Rotary anode x-ray radiator

Abstract

A rotary anode x-ray radiator has an anode produced from a first material as well as a cathode. A structure for accommodation of at least one heat conductor element produced from a second material is provided on an external side of the anode facing away from the cathode, in an annular segment situated opposite the anode. The second material exhibits a higher heat conductivity than the first material. The heat conductor elements are accommodated in the structure to form expansion gaps.

Description

BACKGROUND OF THE INVENTION

1. Field of the Invention

The present invention concerns a rotary anode radiator for generation of x-rays.

2. Description of the Prior Art

DE 1 937 351 A1 and the corresponding U.S. Pat.

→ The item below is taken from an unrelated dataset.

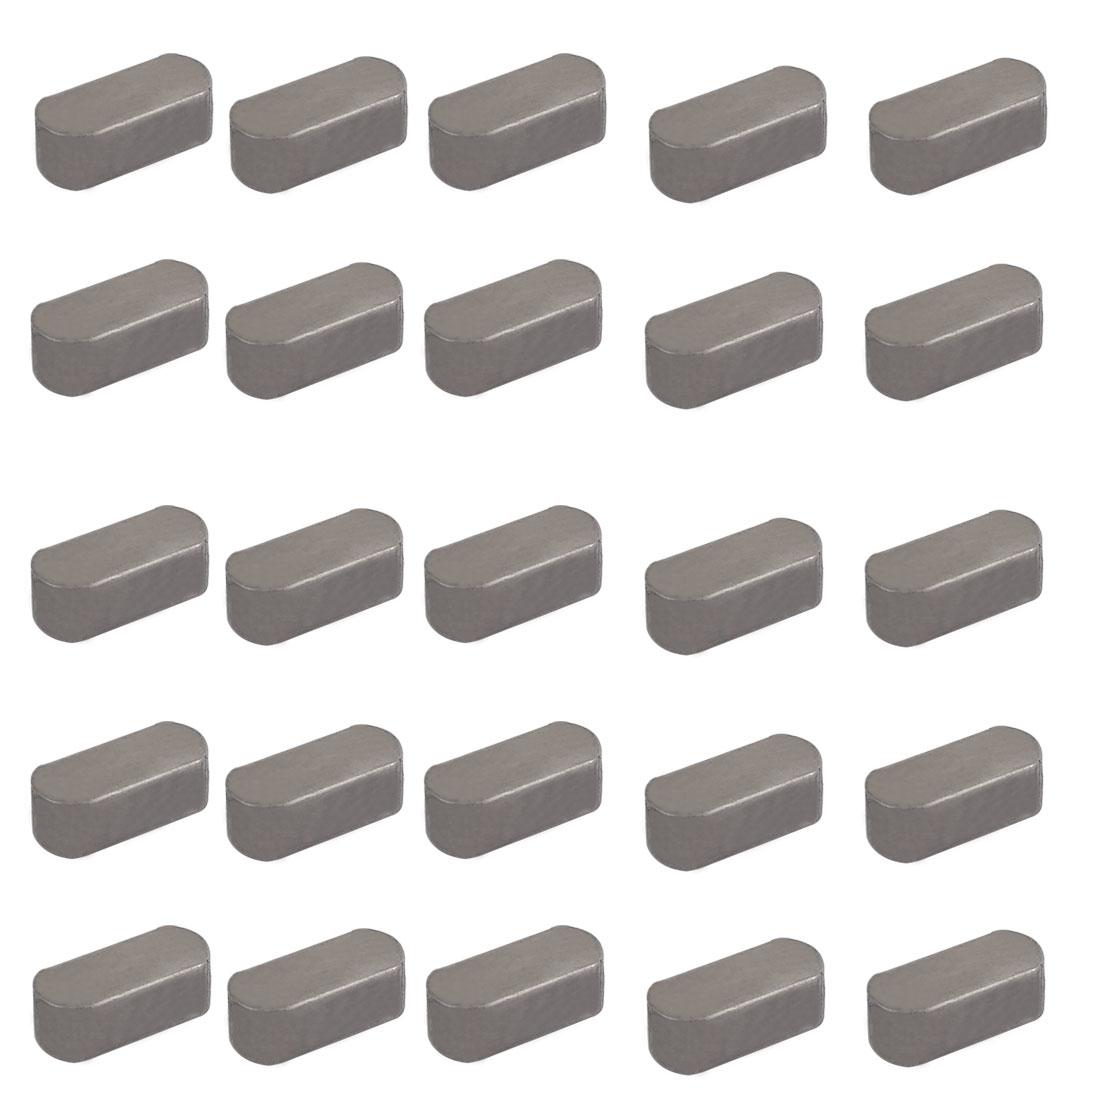 20mmx8mmx7mm Carbon Steel Key Stock To Lock Pulleys 25pcs

No. 3,751,702 as well as DE 32 36 386 A1 and the corresponding U.S. Pat. No. 4,531,227 respectively disclose rotary anode radiators with an anode plate made from graphite that exhibits a good heat storage capability and a good heat dissipation. The anode plate is coated with a focal spot path on the side thereof facing the cathode. The focal spot path is produced from a high temperature-resistant material suitable for generation of x-rays, for example from tungsten, molybdenum, tantalum.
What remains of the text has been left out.